Eingewachsenes Haar im Intimbereich: Diese Tipps helfen

Nach der Rasur sind eingewachsene Haare im Intimbereich lästig und oftmals schmerzhaft. Erfahren Sie, welche Ursachen dahinterstecken, was gegen das eingewachsene Haar hilft und wie Sie zukünftig bestmöglich vorbeugen können.

Nach der Rasur freuen wir uns über strahlend glatte Haut. Doch die Begeisterung währt nicht lange. Denn spätestens nach einigen Tagen, wenn die ersten Stoppeln nachwachsen, ärgern wir uns über eingewachsene Haare.
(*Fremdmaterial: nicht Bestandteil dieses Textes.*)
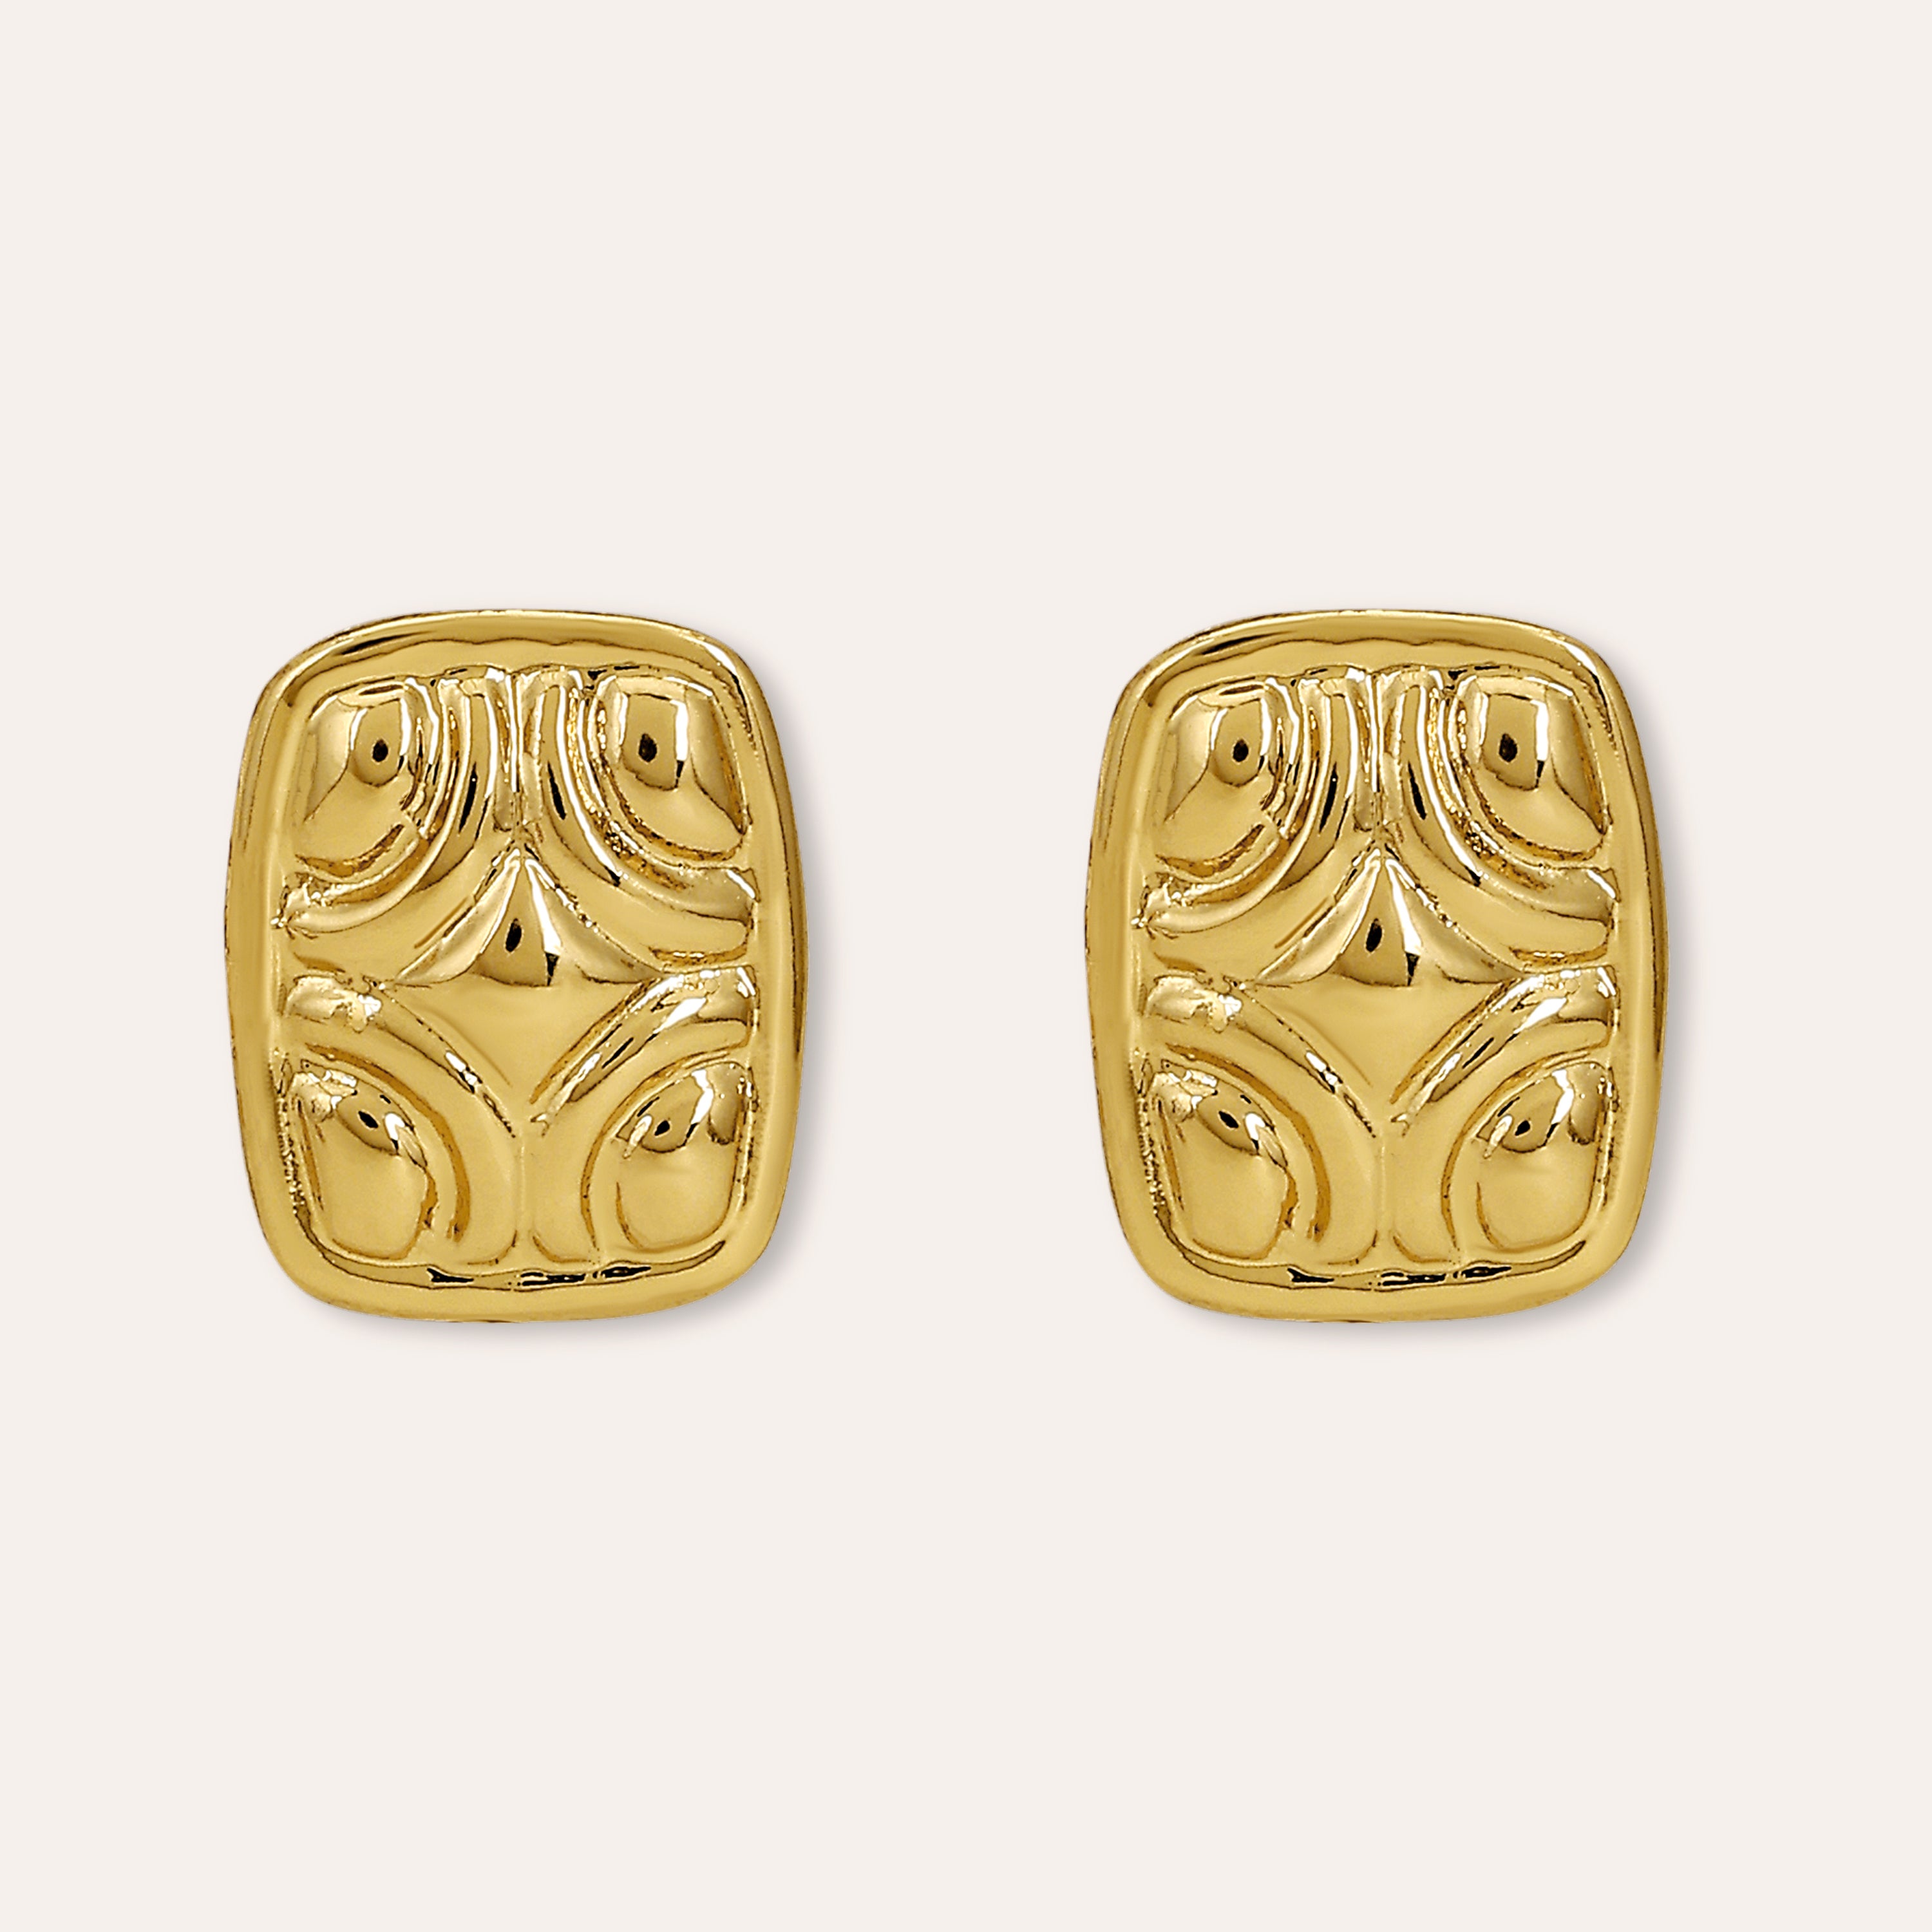 TFC Italian Pattern Gold Plated stud Earrings- Discover daily wear gold earrings including stud earrings, hoop earrings, and pearl earrings, perfect as earrings for women and earrings for girls.Find the cheapest fashion jewellery which is anti-tarnis​h only at The Fun company

Besonders im Intimbereich ist ein eingewachsenes Haar äußerst lästig und kann vor allem schmerzhaft werden, wenn die betroffene Hautstelle sich entzündet. 

Symptome eines eingewachsenen Haars im Intimbereich

  • Juckreiz
  • Schmerzen
  • Geröteter und geschwollener Bereich rund um die betroffene Stelle
  • Erhöhung oder Knubbel, wo das Haar eingewachsen ist – ähnlich wie ein Pickel.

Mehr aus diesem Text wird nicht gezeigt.